**What you need to do:**
Beginning at the line containing "Appdevcon, Webdevcon, and", repeat each line below exactly up to and including the line containing "Madeline Hoare traveled". Do not repeat the pictures.

**Available records:**
※

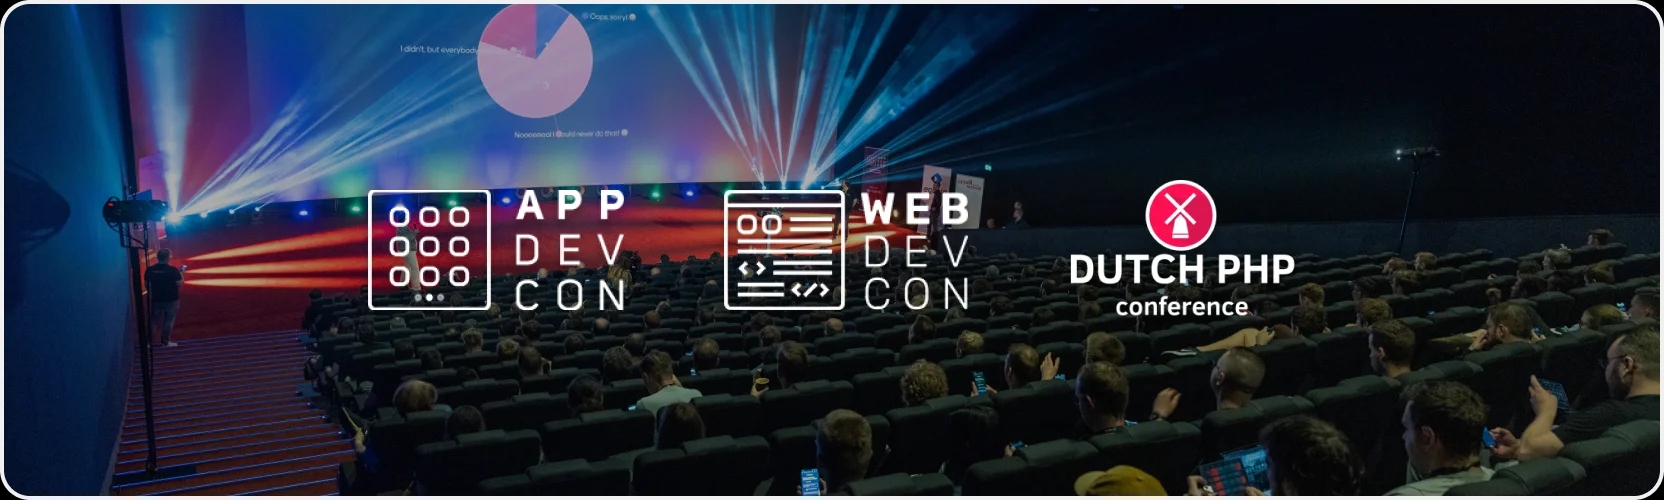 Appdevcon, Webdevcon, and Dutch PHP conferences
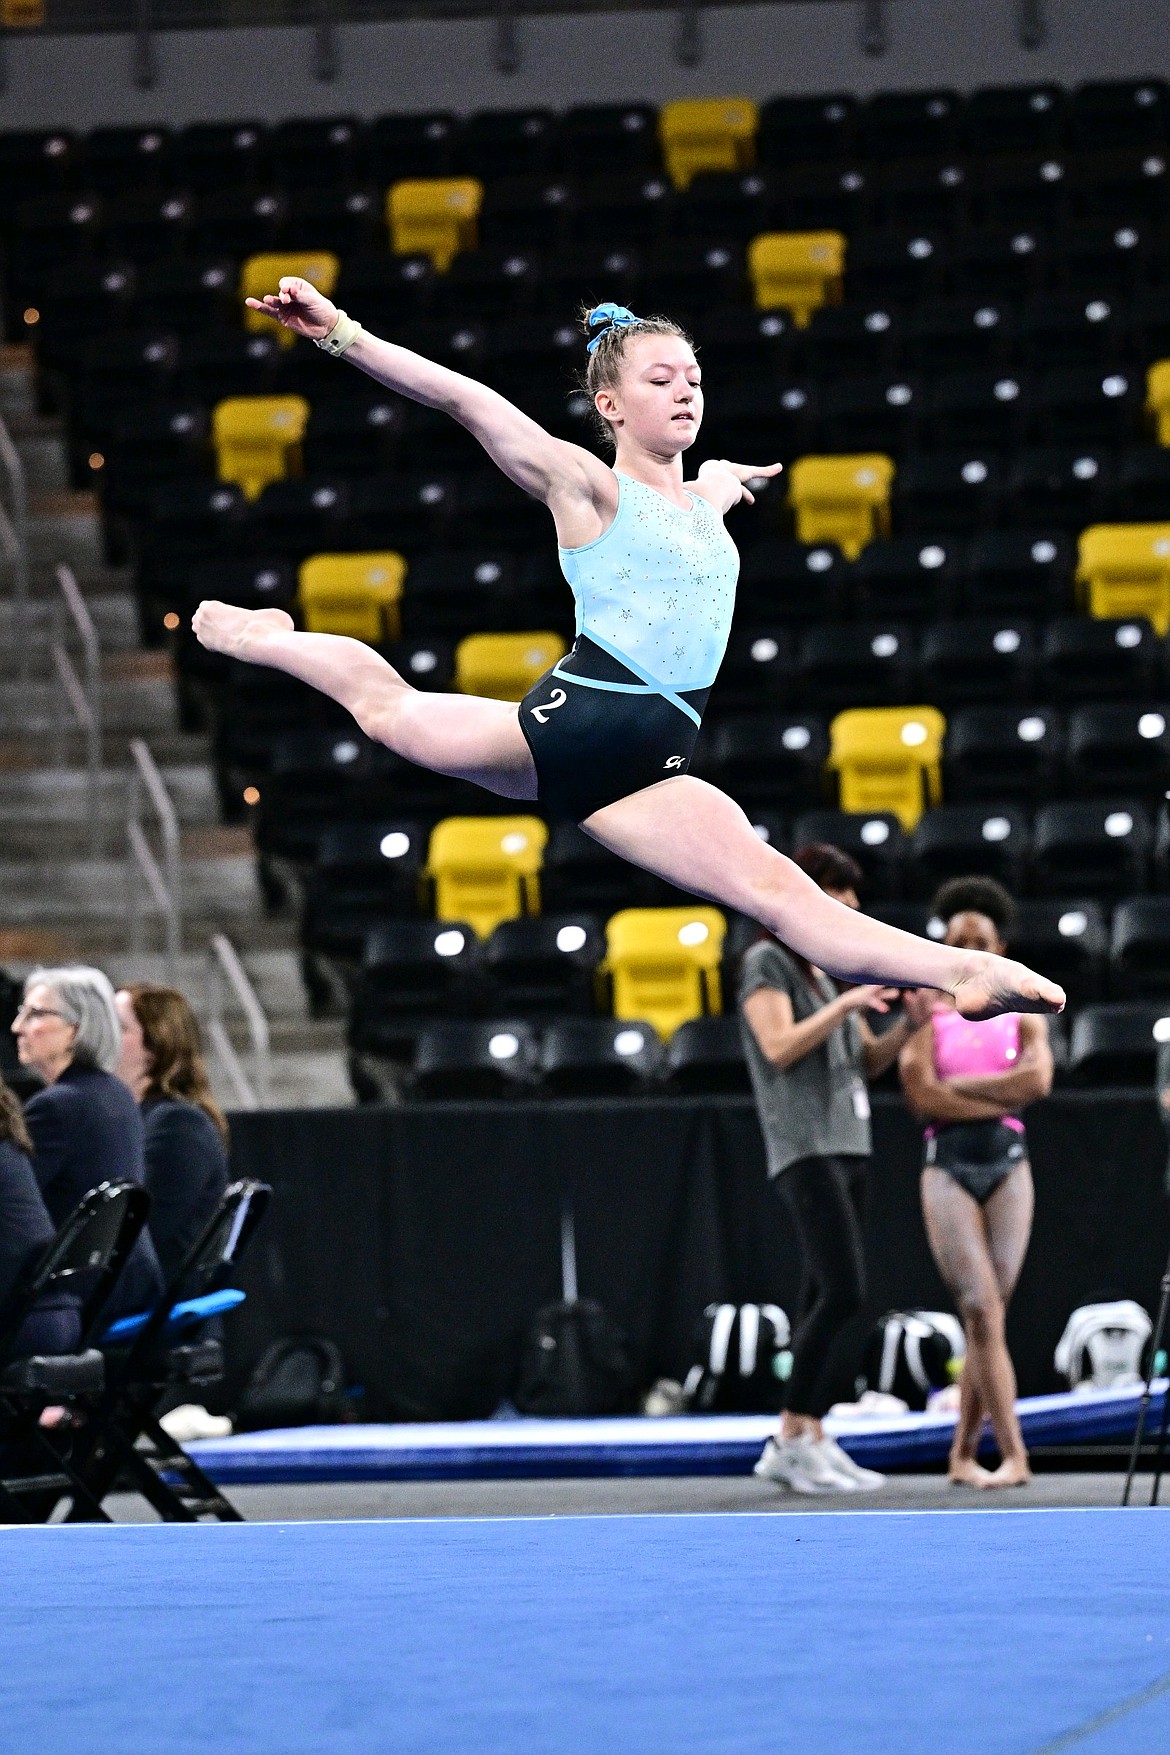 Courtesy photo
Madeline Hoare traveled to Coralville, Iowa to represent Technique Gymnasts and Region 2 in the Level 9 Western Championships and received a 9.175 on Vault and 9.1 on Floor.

※

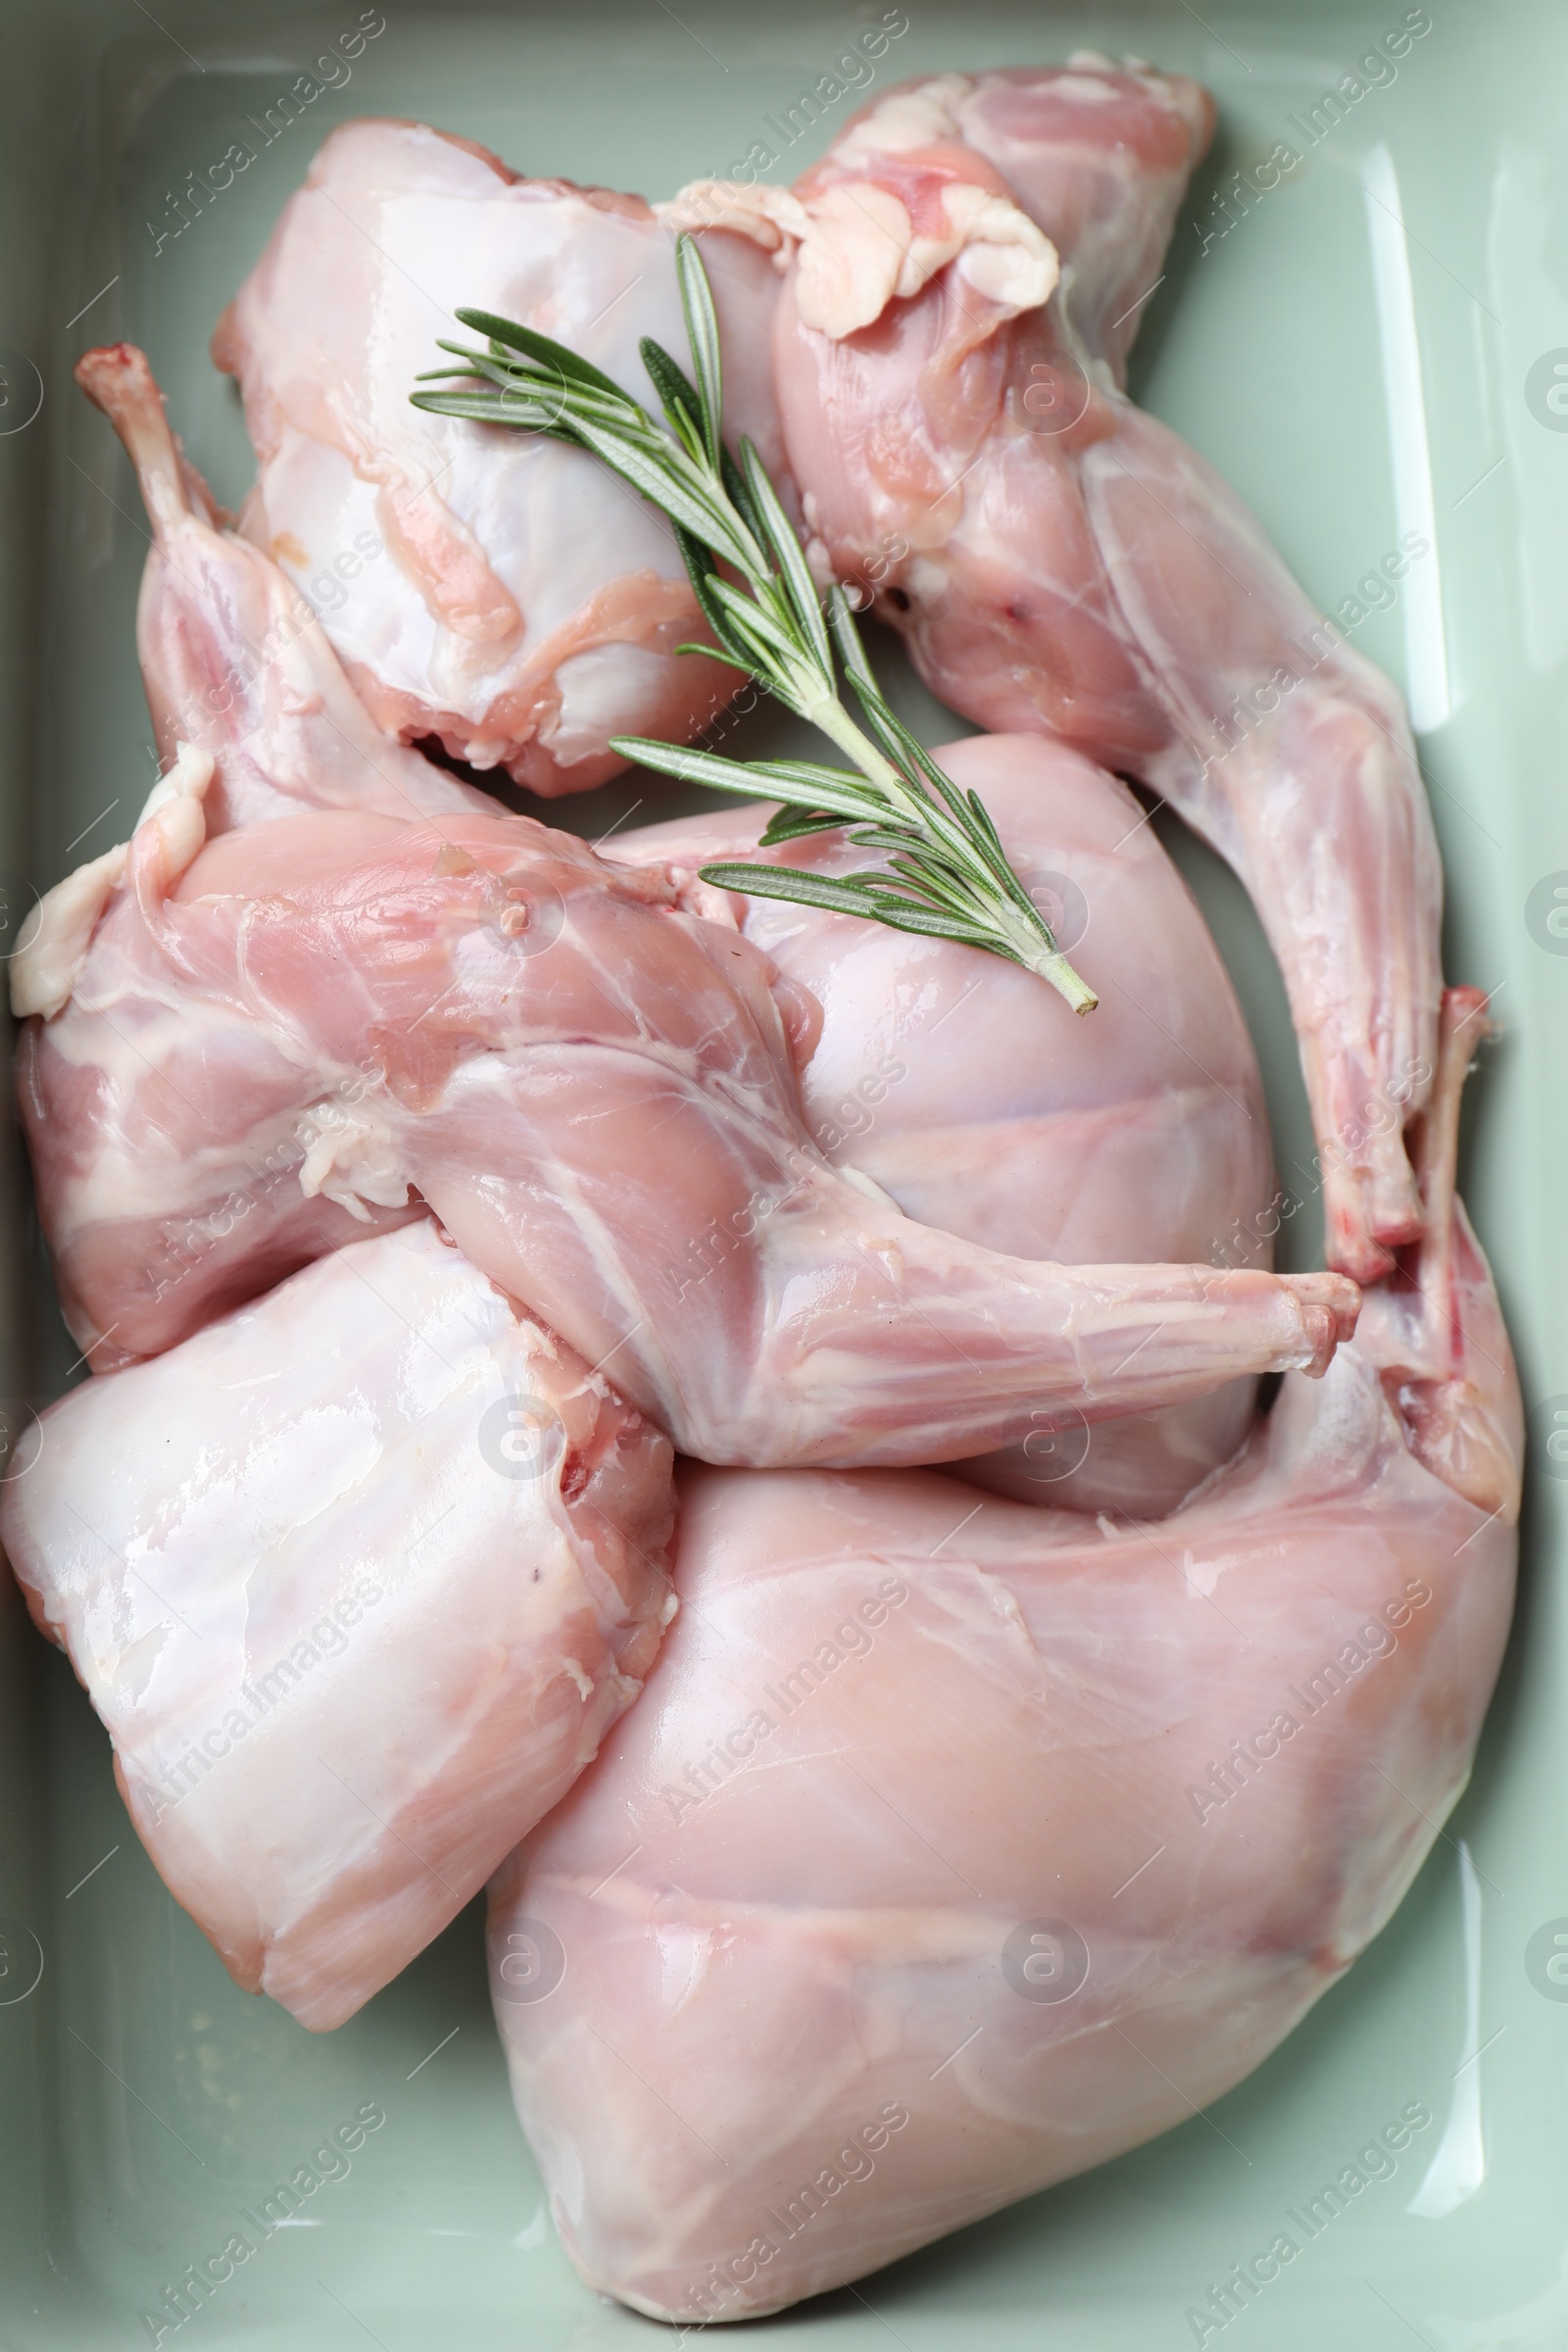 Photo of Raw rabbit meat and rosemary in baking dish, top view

※

**Solution below:**
 Appdevcon, Webdevcon, and Dutch PHP conferences
 Courtesy photo
Madeline Hoare traveled to Coralville, Iowa to represent Technique Gymnasts and Region 2 in the Level 9 Western Championships and received a 9.175 on Vault and 9.1 on Floor.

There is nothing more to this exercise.